How I spent my Thanksgiving vacation.

Kjell Wooding | 2005-10-11

My day started with excruciating pain. If you have ever wondered what an iliotibial (IT) band injury feels like, imagine the muscles running along the outside of your leg stretched as if they were the strings on a violin. Now, play that violin with a bow made of barbed wire. This was the image in my head as I limped across the parking lot towards the start line of a 21.1km race: The Okanagan International Marathon, Half Marathon, and 10km Race.

Welcome to my hobby: Running. And meet my personal nemesis: my Iliotibial Band.

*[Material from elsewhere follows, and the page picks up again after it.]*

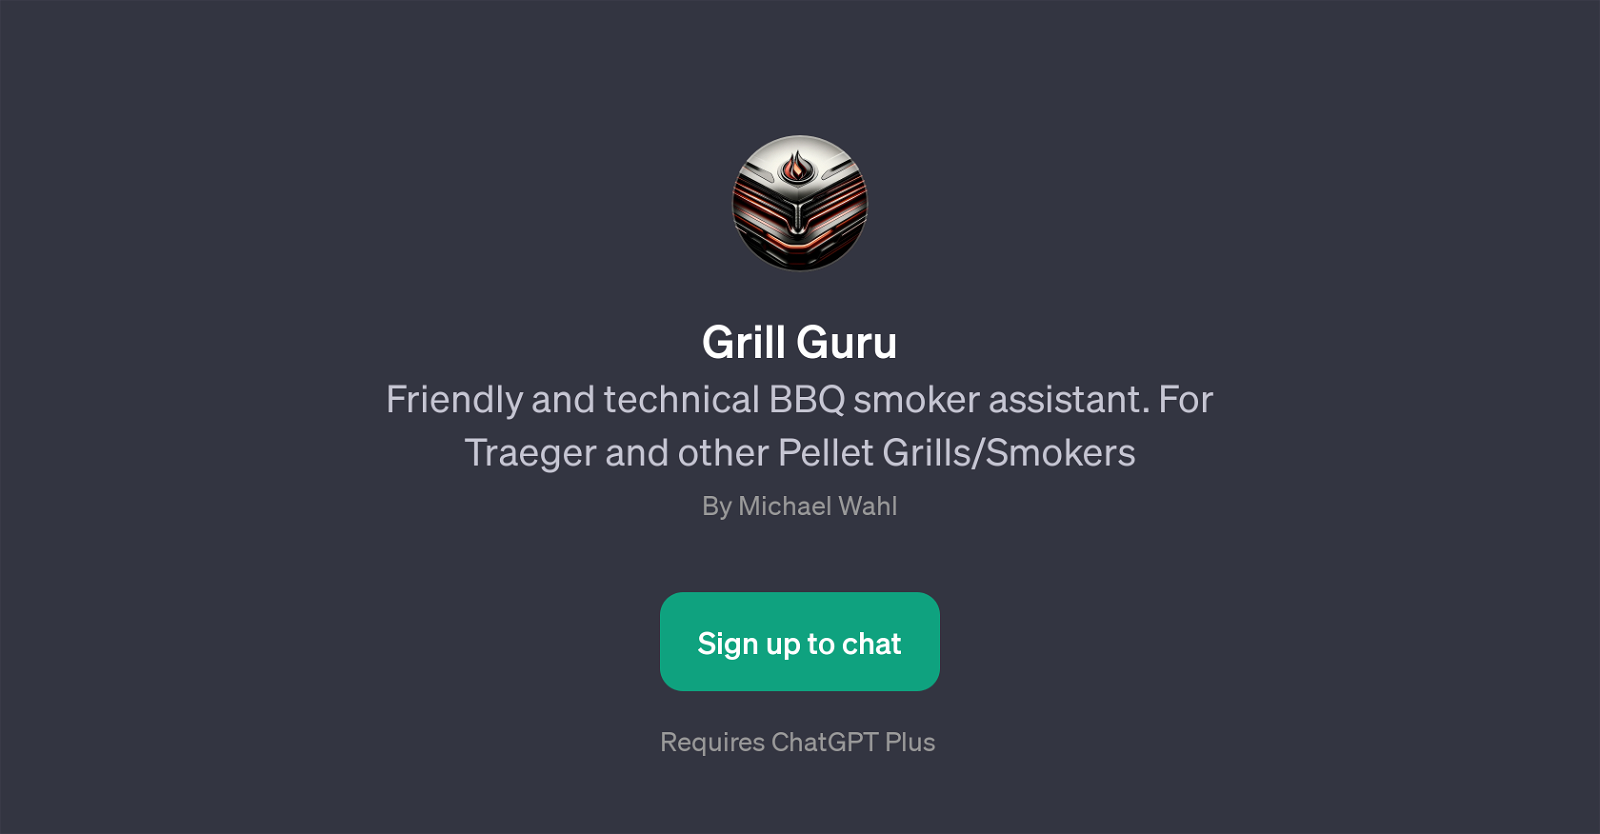 Grill Guru website

Okay, so it’s more than a mere hobby. Truth be told, I have been teaching a 1/2 marathon clinic for the last 16 weeks, and this past weekend was the culmination of that instruction—our graduation run. And though I’m perfectly happy to stand in front of a group of wonderful people and talk about the finer points of biomechanics, training plans, injury prevention, and nutrition, I’m apparently really bad at taking my own advice. Hence the injury.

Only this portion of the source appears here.